Conceptual Overview and Discussion

Poststructuralism emerged from structuralism, an intellectual current that had been developing since the 19th century under the influences of Marx and Auguste Comte in particular. Structural functionalism, influenced by Émile Durkheim and the social anthropology of Bronislaw Malinowski and Alfred Radcliffe-Brown, developed to a dominant position in sociology and social anthropology in the second quarter of the 20th century. Linguistic structuralism, developed from the ideas of Ferdinand de Saussure, provided an alternative model that influenced Russian linguistic formalism and, most significantly, the structural anthropology of Claude Lévi-Strauss. Rejecting the functionalist argumentation that made anthropological anachronisms somewhat difficult to contemplate, influenced by Freud and Marx as well as Saussure, Lévi-Strauss sought to uncover the unconscious structures behind myth and ritual that revealed deeper, and more universal, human concerns (e.g., kinship).

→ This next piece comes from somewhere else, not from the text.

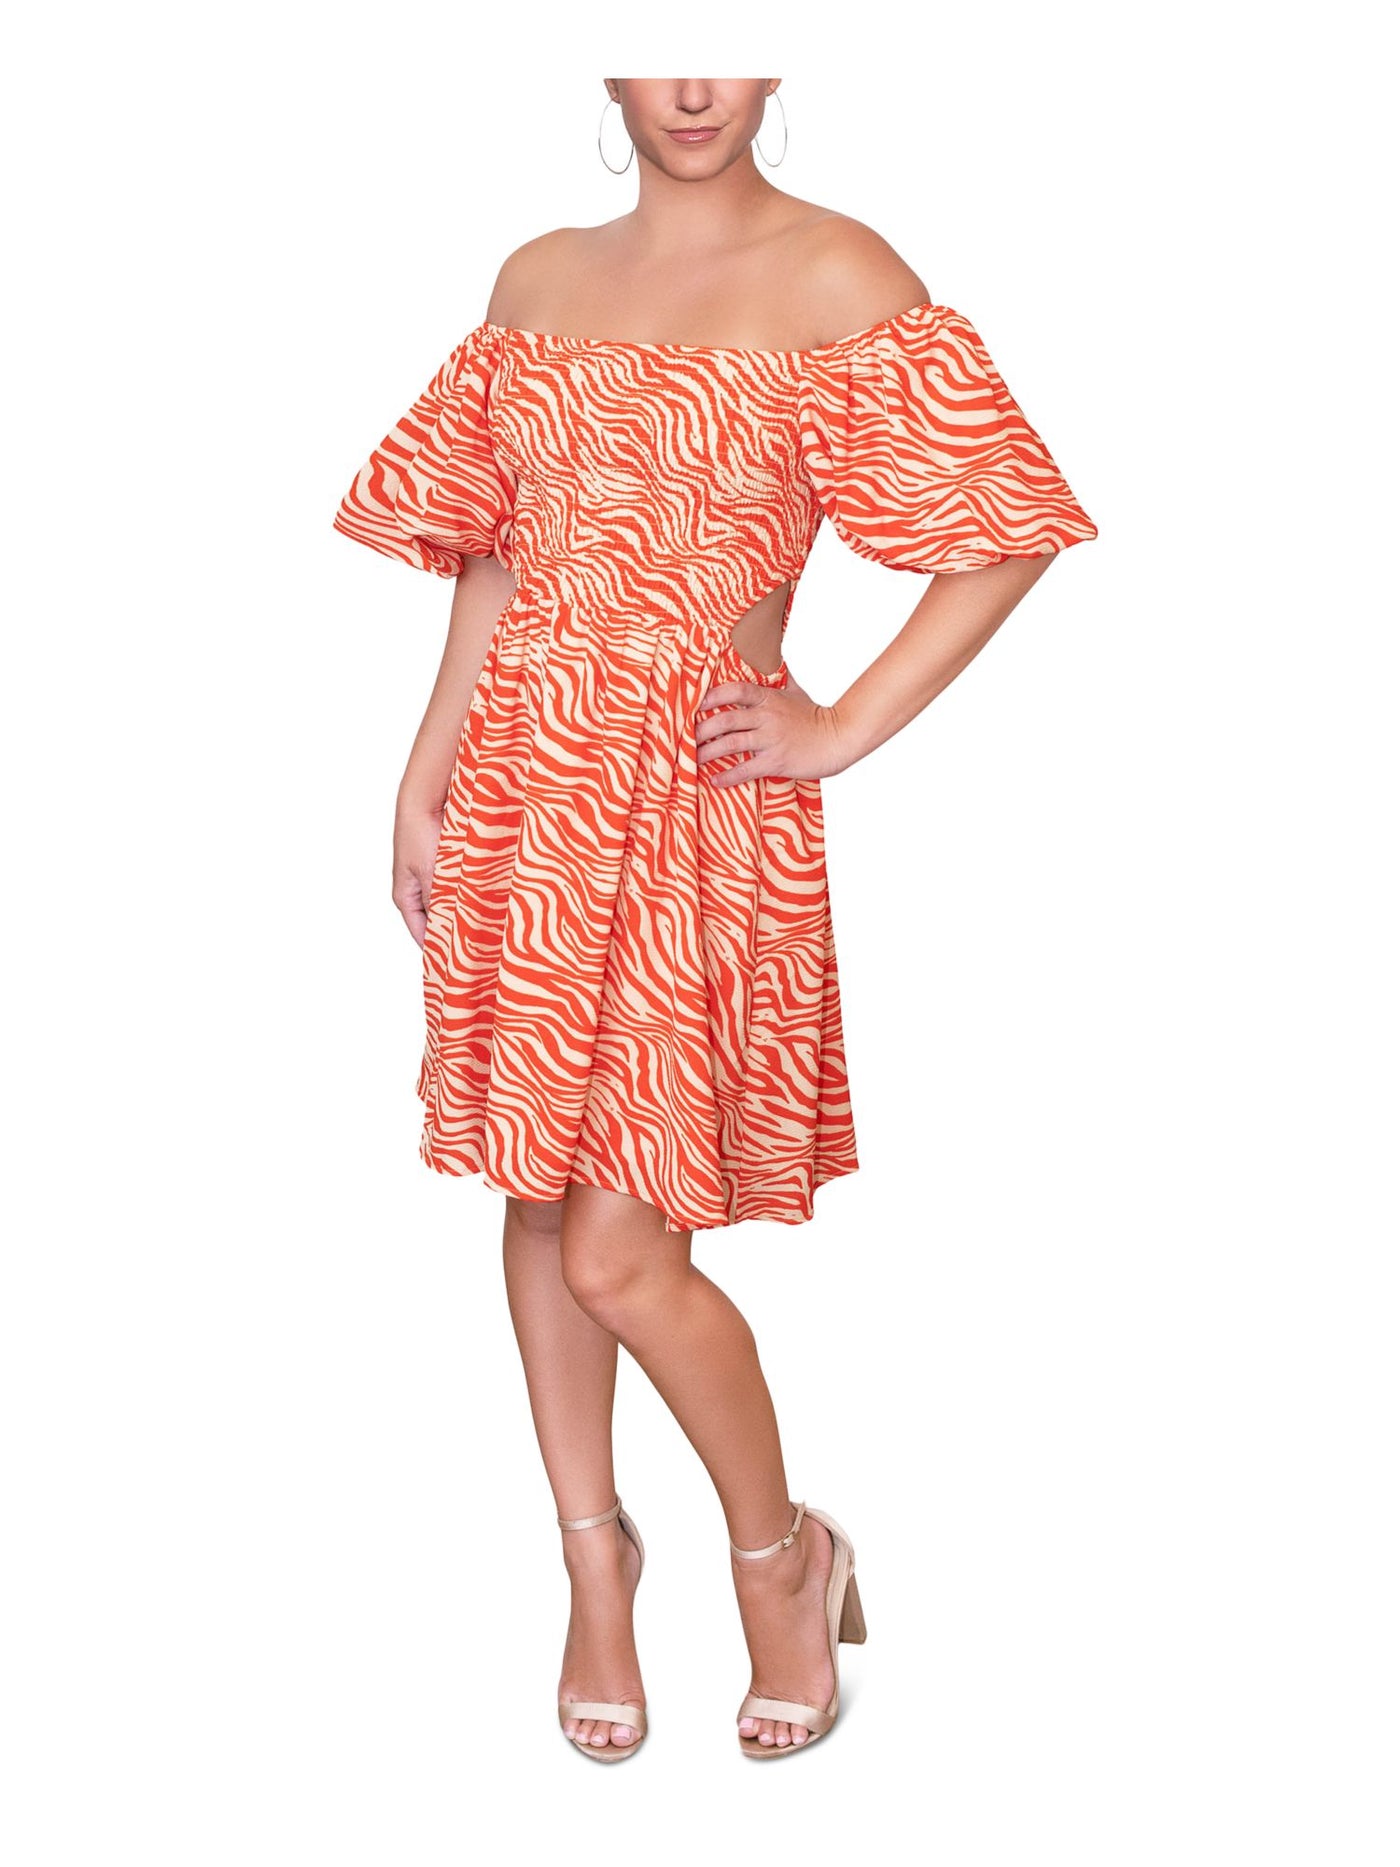 RACHEL RACHEL ROY Womens Orange Smocked Cut Out Lined Printed Short Sleeve Off Shoulder Above The Knee Fit + Flare Dress XL

Saussure made a distinction between langue (language as grammar, a system of rules) and parôle (language as speech) that emphasized that the meaning of a word or sign was not fixed but arbitrary, depending on the differences between linguistic terms within the system. Rules related and patterned difference, but they could be changed. Thus, a dynamic concept of structure was introduced into social anthropological thinking, and Saussure's semiology, the study of sign systems, had a similar impact on linguistics and literature. Saussure argued that a sign consisted of a signifier (at the level of parôle) and a (concept) signified (at the level of langue). The signifier denoted a signified but, according to the relations between signifiers in a particular system, or code, the denotation could have very different connotations. The code could be revealed through structural methodologies. The impact of this thinking across disciplines in the postwar period was enormous, and the eagerness of each discipline to elaborate Saussure's basic scheme to “tell the code” of its object reached a peak in the early 1960s in France with the cultural semiology of Roland Barthes, the structural Marxism of Louis Althusser, the psychoanalysis of Jacques Lacan, and the later structural anthropology of Lévi-Strauss. The middle-period work of Michel Foucault in which he developed his archaeological approach to knowledge was also heavily influenced by structuralism.